Stored data:
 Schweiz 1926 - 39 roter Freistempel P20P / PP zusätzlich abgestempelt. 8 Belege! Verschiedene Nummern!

...

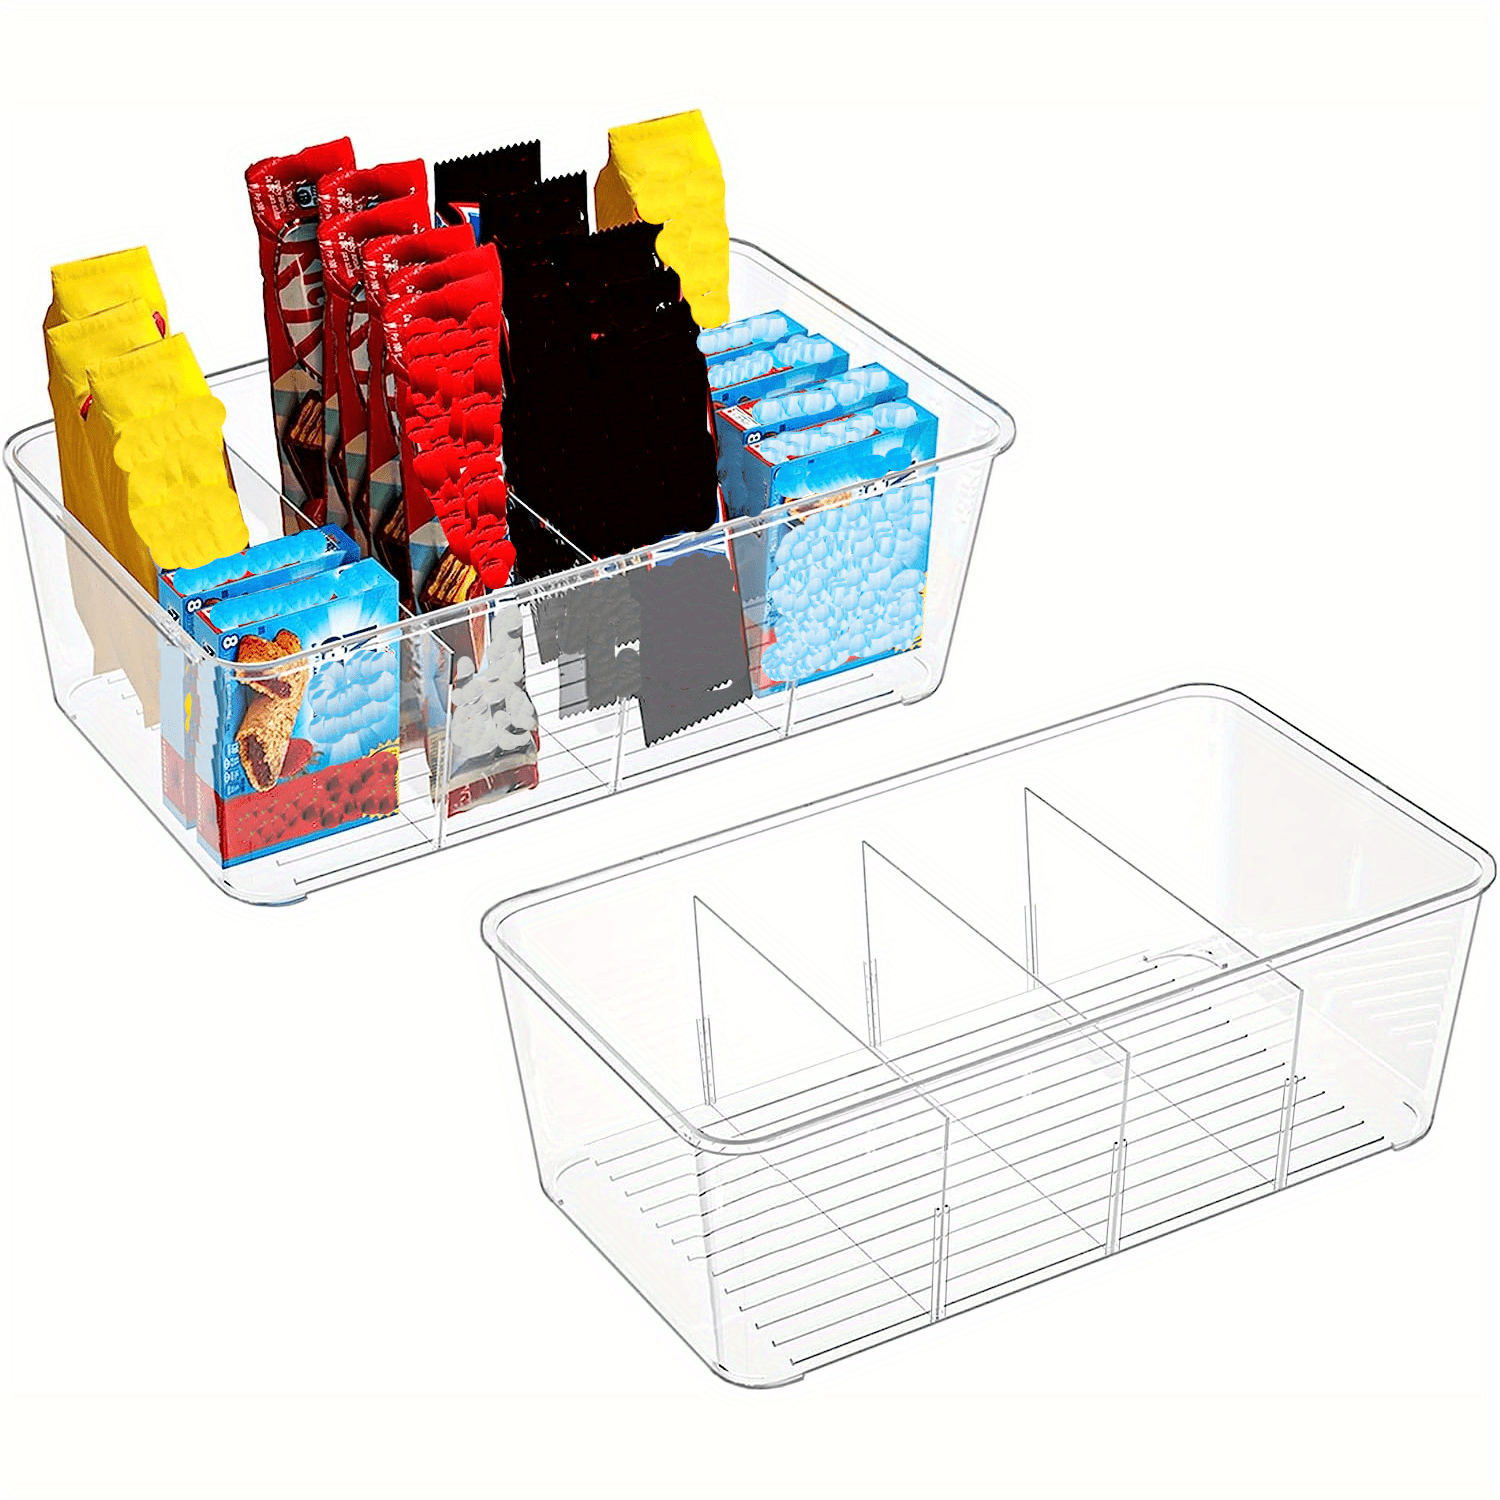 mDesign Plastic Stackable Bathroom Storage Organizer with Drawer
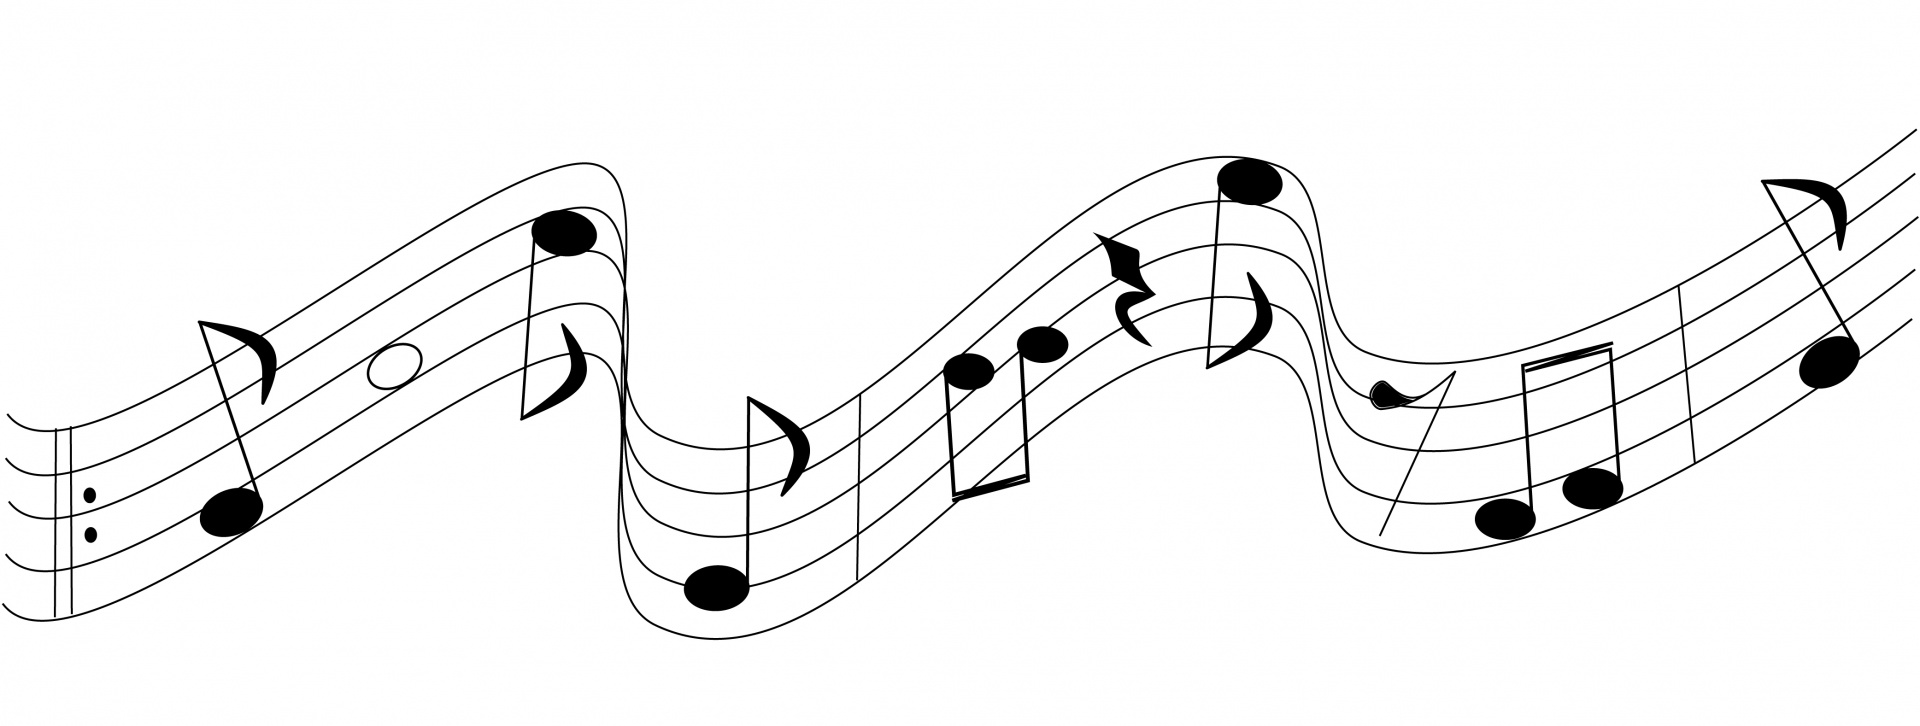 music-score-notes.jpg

--

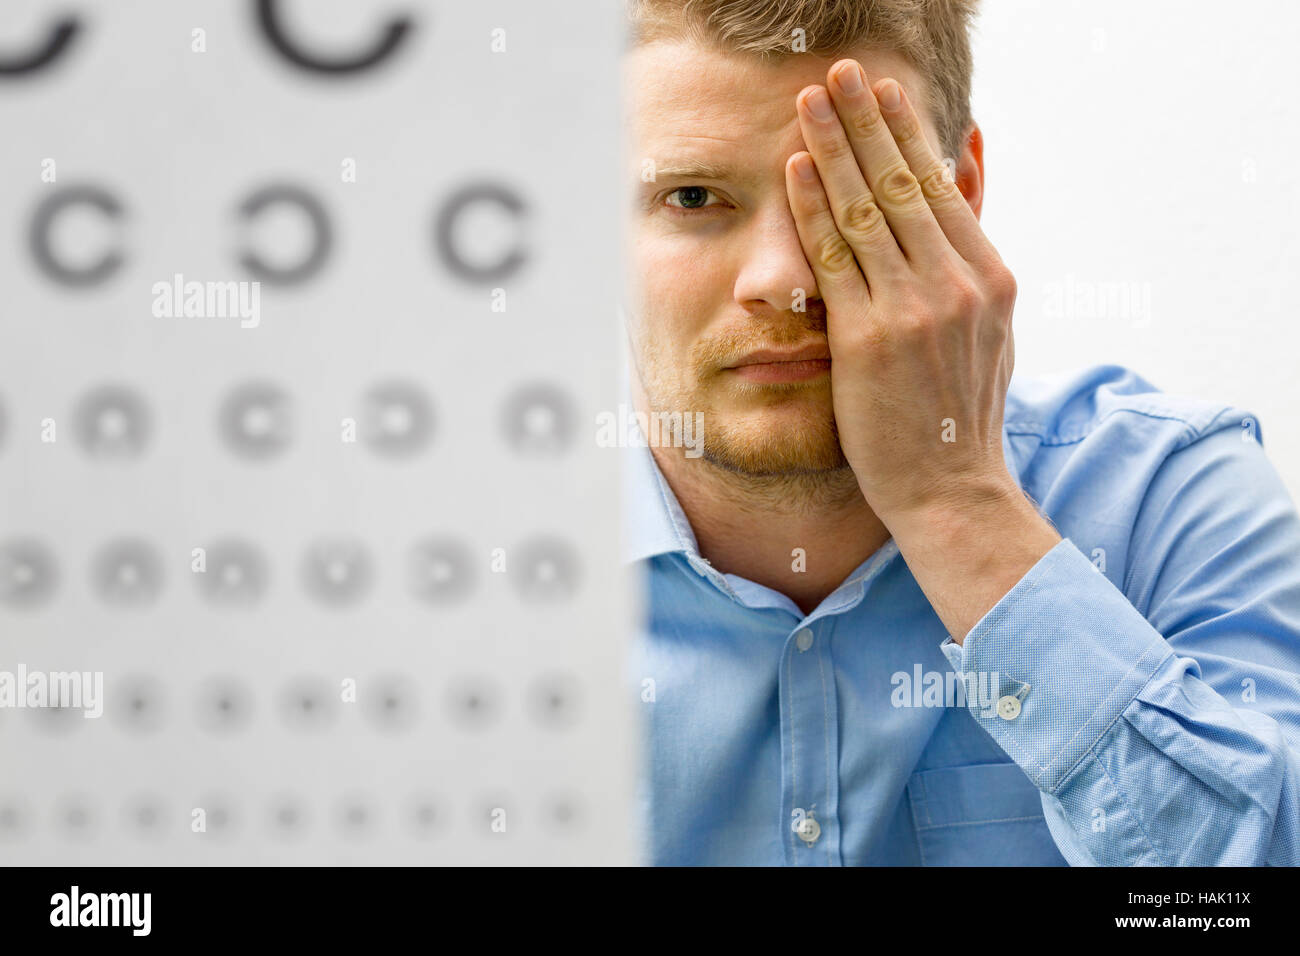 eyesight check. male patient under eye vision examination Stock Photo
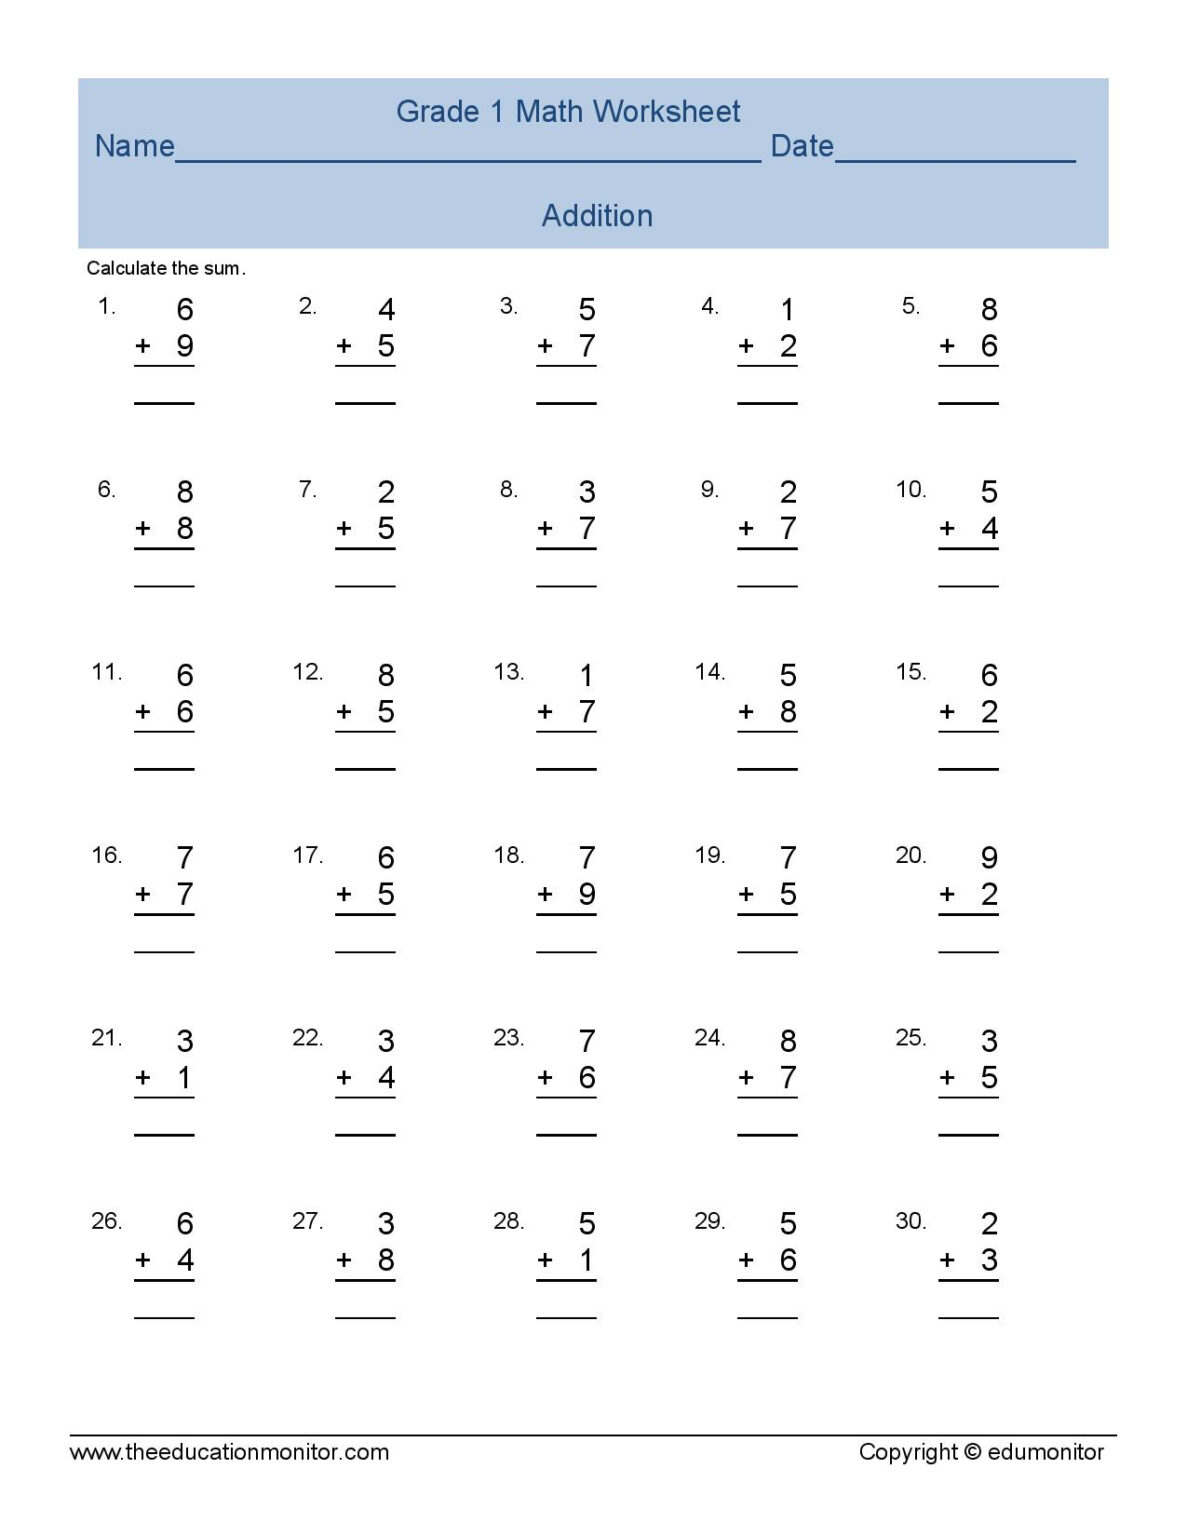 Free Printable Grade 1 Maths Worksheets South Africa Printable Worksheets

Task objective:
Starting at the line above with "eyesight check. male", output every line exactly up to and including the line with "Free Printable Grade", but none of the pictures.

Your response:
 eyesight check. male patient under eye vision examination Stock Photo
 Free Printable Grade 1 Maths Worksheets South Africa Printable Worksheets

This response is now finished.